To answer this question, I needed to acquire a number of different data sets. I started by connecting to the Wisconsin DNR geodatabase and adding the National Forest, county boundaries, major roads, and water bodies feature classes. I created a new shapefile for the campground locations and used the data from the Chequamegon-Nicolet National Forest webpage regarding camping - each individual campground had GPS coordinates that I plugged into ArcMap and placed a point in that location.

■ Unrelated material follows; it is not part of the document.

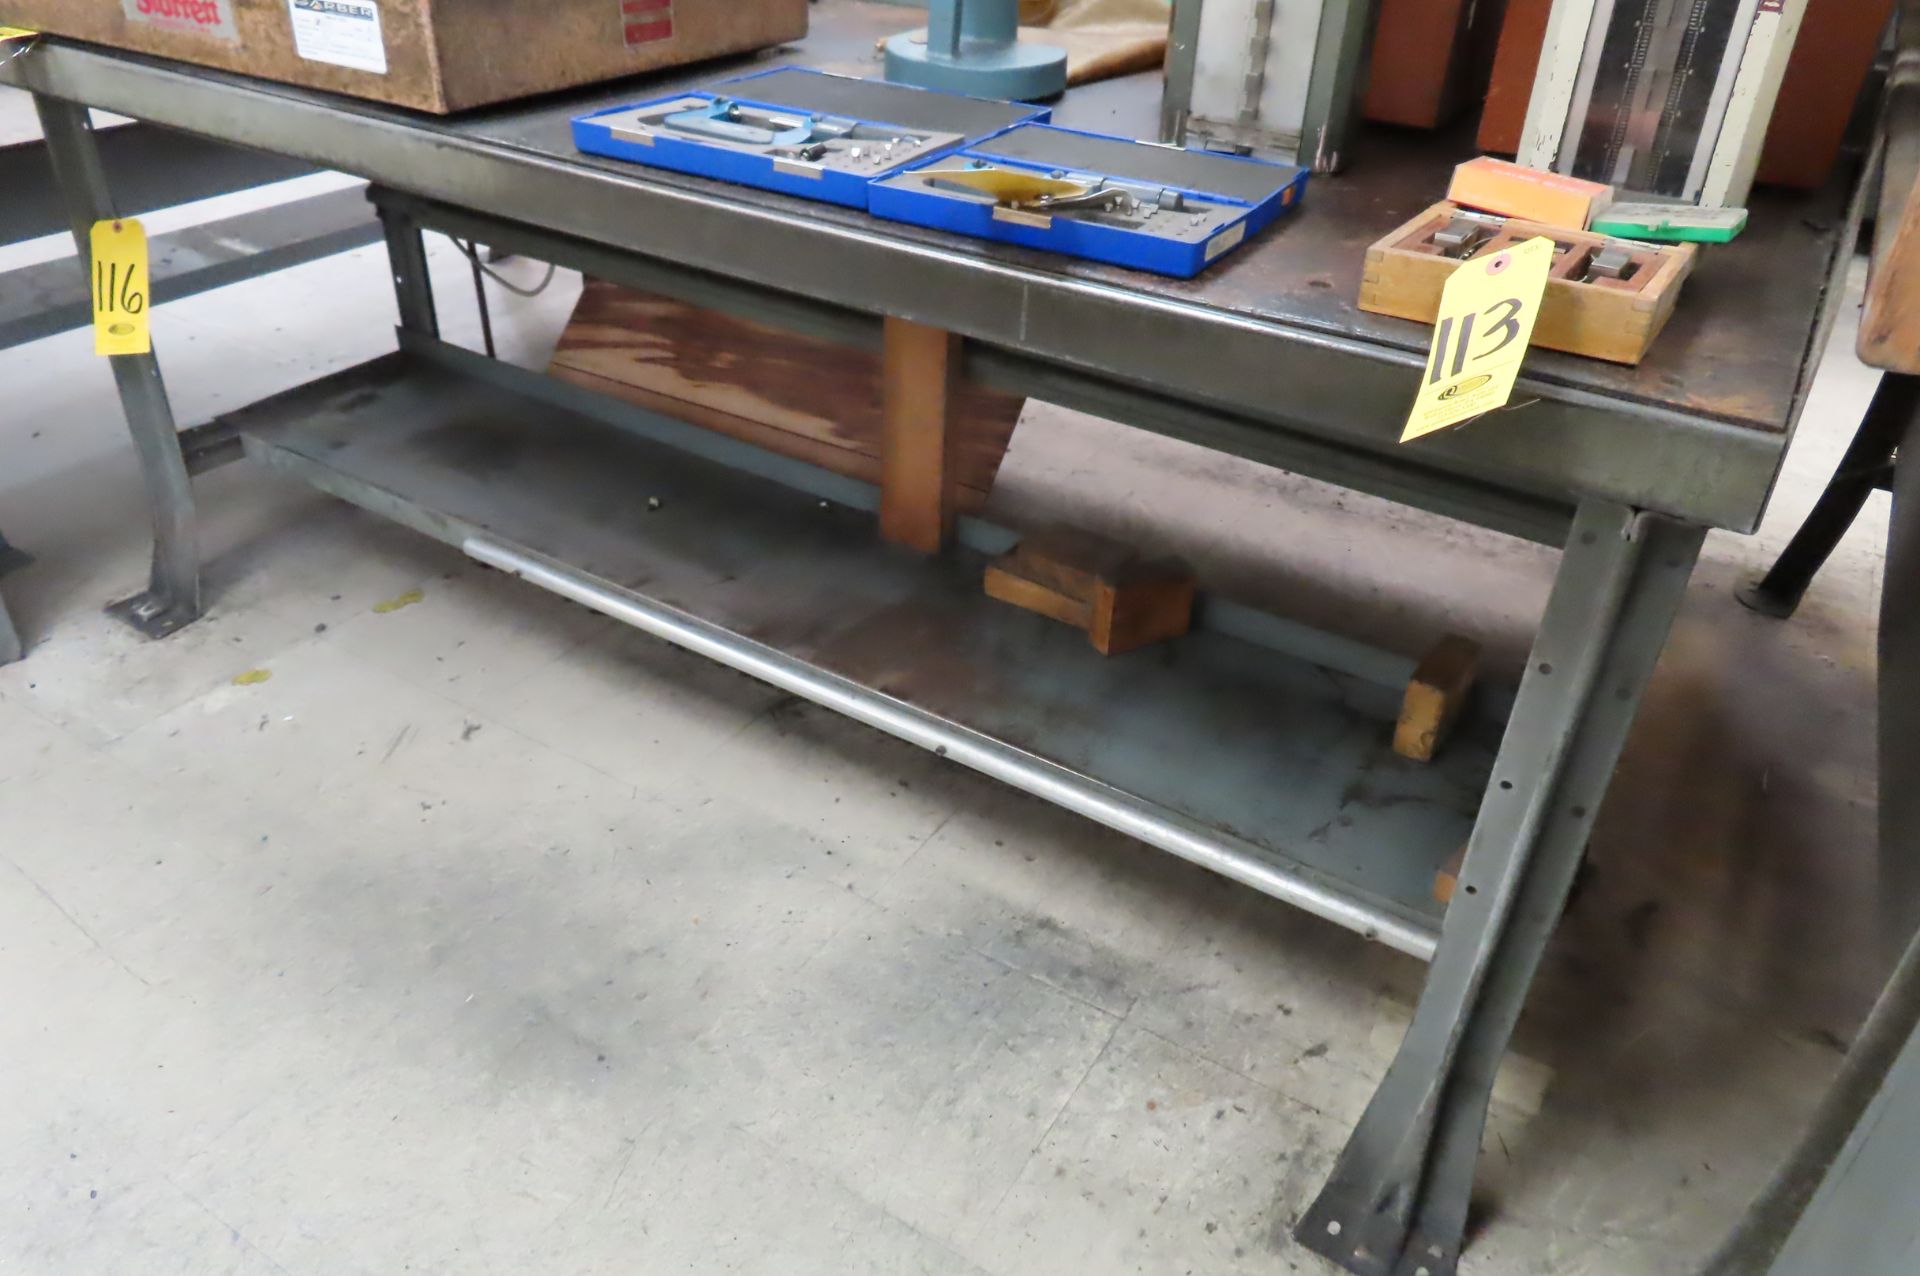 72 X 30 IN. METAL SHOP TABLE WITH UNDERSHELF AND LIGHT - Image 2 of 3

Data concerns: I searched for general campgrounds, so I may have missed some in my search. The webpage provides only public campgrounds in the National Forest (of which I logged the ones inside Forest County), not private grounds. With that in mind, there may be insufficient data regarding locations of all campgrounds throughout the county.

Methods

I needed to query, clip, and buffer my feature classes in order to locate appropriate locations for new campgrounds. I began by clipping the National Forest, major roads, and the water bodies feature classes so I had only the data for Forest County (within the county boundaries shapefile). I then queried the water bodies' type and created a new shapefile containing only lakes. After, I buffered the lakes, campgrounds, and major roads feature classes to one, three, and five kilometers respectively (Figure 1). I intersected the National Forest, major roads buffer, and lakes buffer feature classes to produce a new shapefile with locations that were inside the Chequamegon-Nicolet National Forest, within one kilometer of a lake, and five kilometers of a major road. I then erased the three kilometer buffer of existing campgrounds from my new shapefile and was left with the potential areas for new campgrounds.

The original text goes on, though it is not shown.